2 Tablespoons Blood Orange Oil from Olive Oil Etcetera
1/2 Teaspoon Crushed Chili Peppers
1 Habanero Pepper, minced, or to taste
1 Large Onion, Minced
4" Piece Fresh Ginger Root, peeled and minced
1/2 Large Red Bell Pepper, diced
1/2 Large Yellow Bell Pepper, diced
1 Large Pineapple, peeled, cored and diced (reserve any juice)

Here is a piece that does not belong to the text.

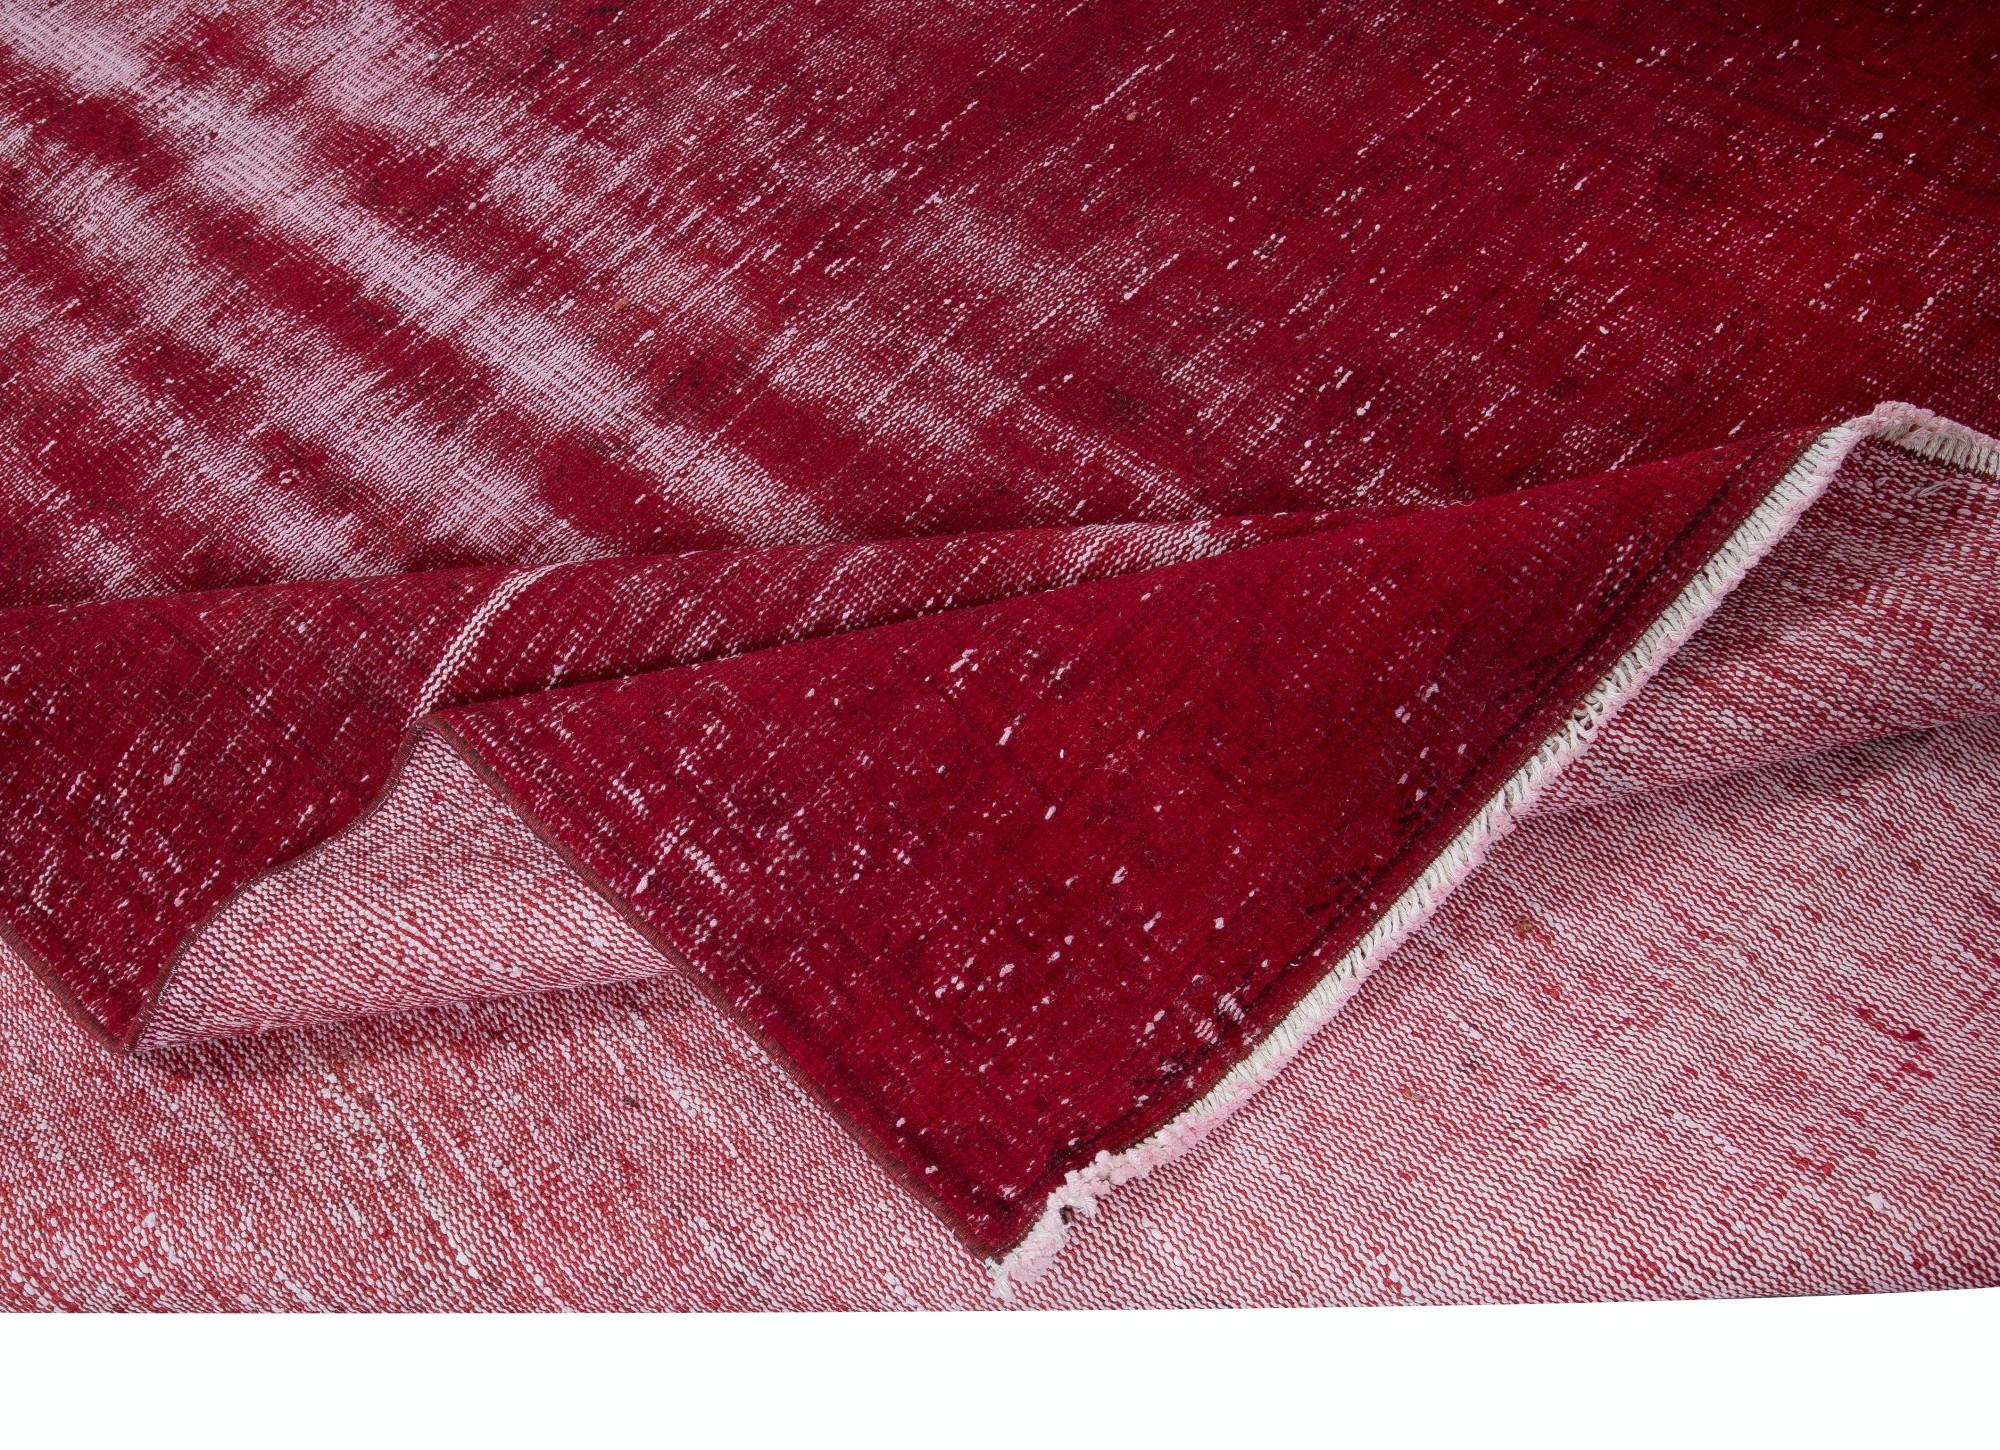 Hand-Woven 6x9.2 Ft Shabby Chic Modern Turkish Wool Red Rug, Handmade Distressed Old Carpet For Sale

1/2 Cup Dark Brown Sugar, packed
1 1/2 Tablespoon Curry Powder
1/2 Cup Apple Cider Vinegar


In a large sauce pan, heat oil over medium heat. Add onion, pepper flakes and Habanero Pepper. Stir to combine. Reduce heat to low, cover, and cook until the onions have softened, about 15 to 20 minutes, stirring occasionally. Do not brown onions. Remove the lid, increase the heat to medium, and stir in the ginger, red bell pepper, and yellow bell pepper. Cook the vegetables, stirring continuously, for 2 to 3 minutes. Add pineapple and any juice, brown sugar, curry powder and vinegar, and stir to combine. Simmer 30 minutes, stirring frequently. Remove from the heat and allow to cool completely. Store in airtight containers in the refrigerator.